Queerness in Chinese Erotic Paintings

Explore the rich, complex, and often hidden histories of sexuality in Chinese art through this engaging program led by expert and enthusiast Wendy Chuwen Xiao. Centered on the visual language of traditional Chinese erotic painting and its resonances today, the session invites participants to consider how desire, intimacy, and the body have been represented, imagined, and interpreted across time.

About the Lecturer
Wendy Chuwen Xiao is a researcher and visual artist whose work explores the intersections of art history, material culture, and the history of sexuality in early modern China. She received her B.A. from the University of Chicago in History and Art History in 2022, and her M.A. from Harvard University in Regional Studies—East Asia in 2024.

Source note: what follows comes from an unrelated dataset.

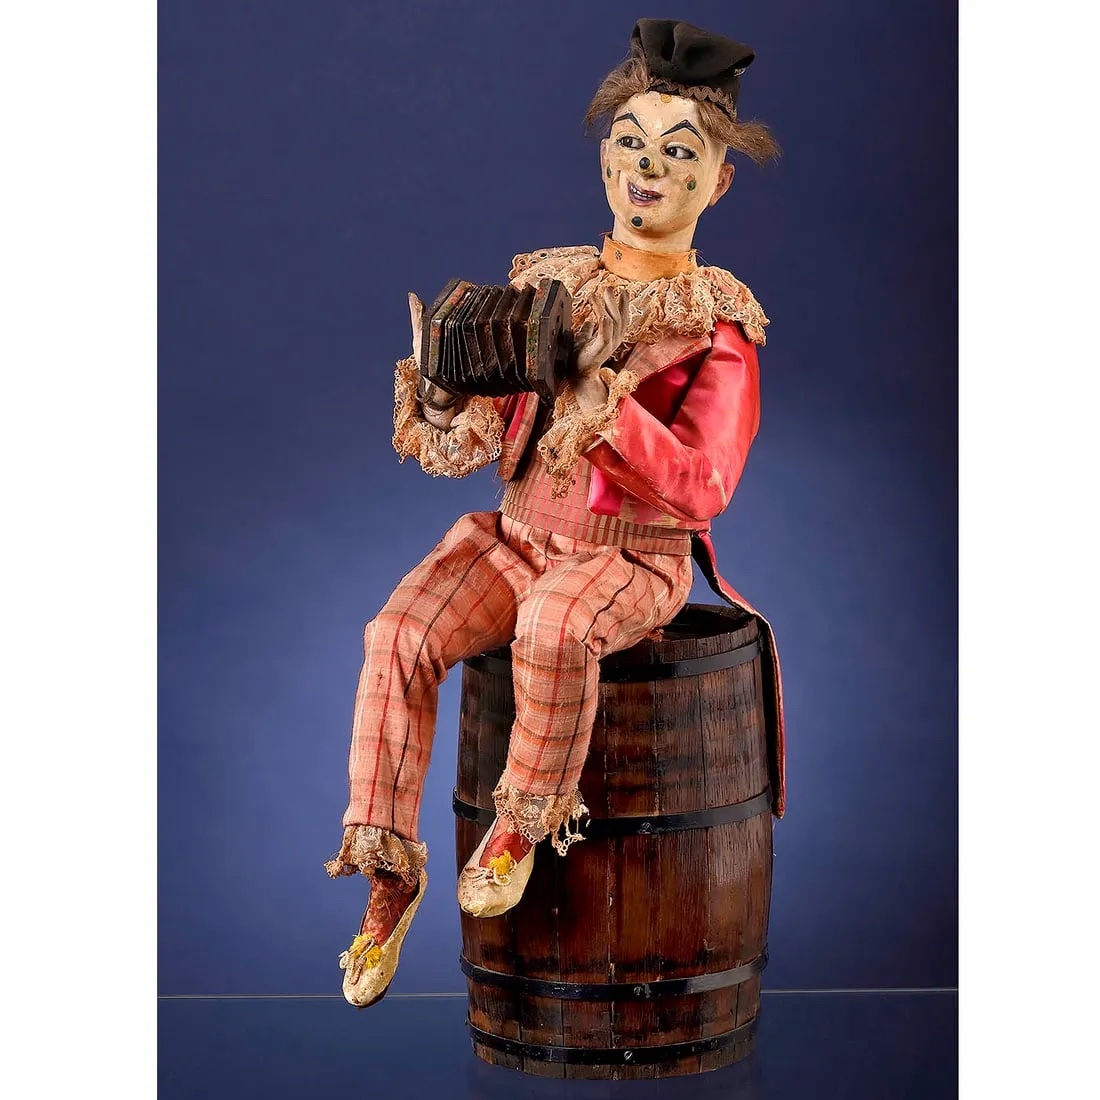 Claude the Clown automaton, estimated at €18,000-€25,000 ($19,555-$27,160) at Breker.

Her research focuses on how objects generate and mediate fantasies of desire, with particular attention to visual, textual, and sensorial forms that challenge normative understandings of gender performativity and sexual morality. In her M.A. thesis, she examined an eighteenth-century Qing dynasty erotic album, arguing that its idiosyncratic visual language suggests it may have been produced for a female audience, offering new perspectives on viewership and agency in historical erotic art.

Alongside her academic work, Xiao maintains an active artistic practice, creating illustrations and paintings that reflect her engagement with image-making, narrative, and the expressive possibilities of form.